I saw this tweet go by on twitter and wondered – who of us hasn’t been in this situation, with things such as…
- Novella comments on a blog post
- stack overflow answers
- “reviewer #3” response on a research paper
- Or if it’s just review time and your boss needs to come up with some text to justify review scores that were pre-ordained by corporate politics, budgets constraints and the popularity contest farce they try to pass off as meritocracy.
What all these things have in common is that after the fact, you find yourself in possession of completely useless text.
That is, completely useless until today.
John von Neumann gave us the insight we need. If you have a biased source of bits, look at them in pairs. If they don’t match, you take the value of the first one as the unbiased bit to output. We can do this with whatever garbage we find has dropped into our lap, and turn that steaming heap of dung into something actually useful.

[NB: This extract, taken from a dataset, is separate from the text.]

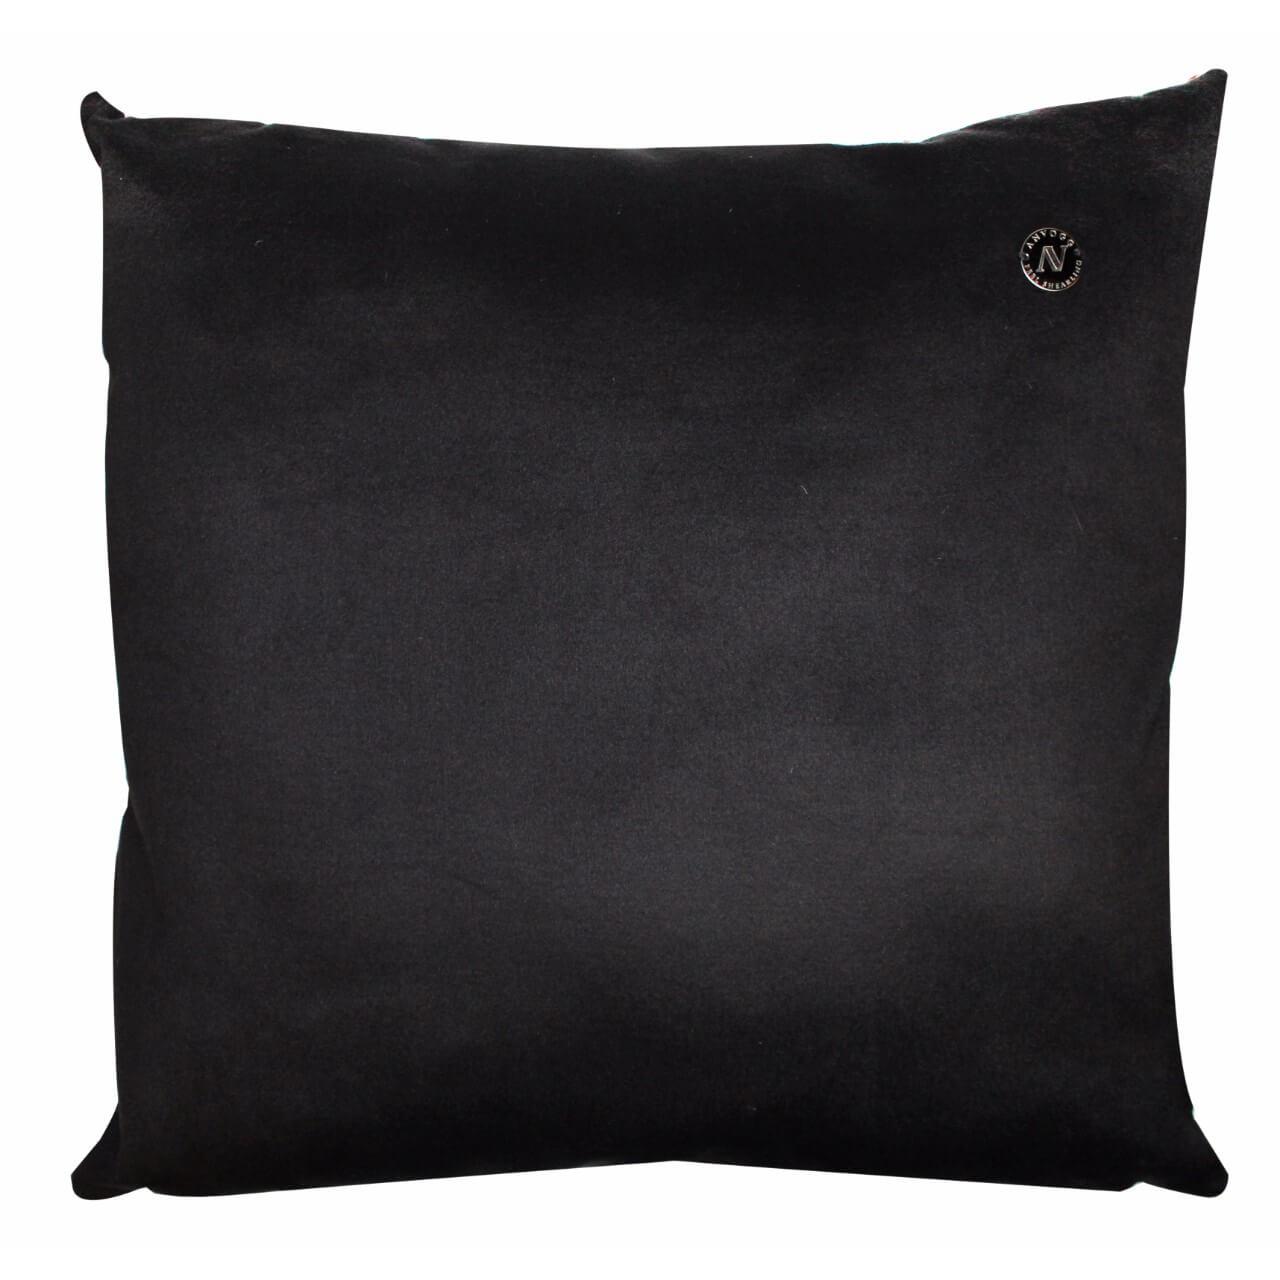 Cavallino Pillow-50x50cm-(RENK_Brown Zebra)- (İSİM_The Brown Squa)-(CPZEB10175095050) arka - ANVOGG FEEL SHEARLING | ANVOGG

I implemented this and you can find the source code on github at https://github.com/Atrix256/EntropySalvager
More info on the technique: https://en.m.wikipedia.org/wiki/Fair_coin#Fair_results_from_a_biased_coin
Here is some example output, using words from the great orator MacDonald Trump as input.
Remember… When life gives you lemons, make random numbers.
Small print: Yeah this is just a joke and the numbers coming out are only as random as the numbers going in. This technique is a way to turn biased uniform random numbers into unbiased uniform random numbers and works with “random” things like coin flips and dice rolls, but less so with things like text which will make patterns in output. You’d want to use Decorrelation to turn this from a joke into a real thing 🙂 https://en.wikipedia.org/wiki/Decorrelation
At the risk of taking a joke too seriously…
Doesn’t this approach require the sequential bits to be independent?
The characters in this comment are basically all lowercase letters, which fall in the range 0b01100001 – 0b01111010. If we look at every 4th bit of the generated output, they’d almost all be 0.
LikeLiked by 1 person
Yes indeed! There’s a small print section at the end. And thanks for the bits! 🙂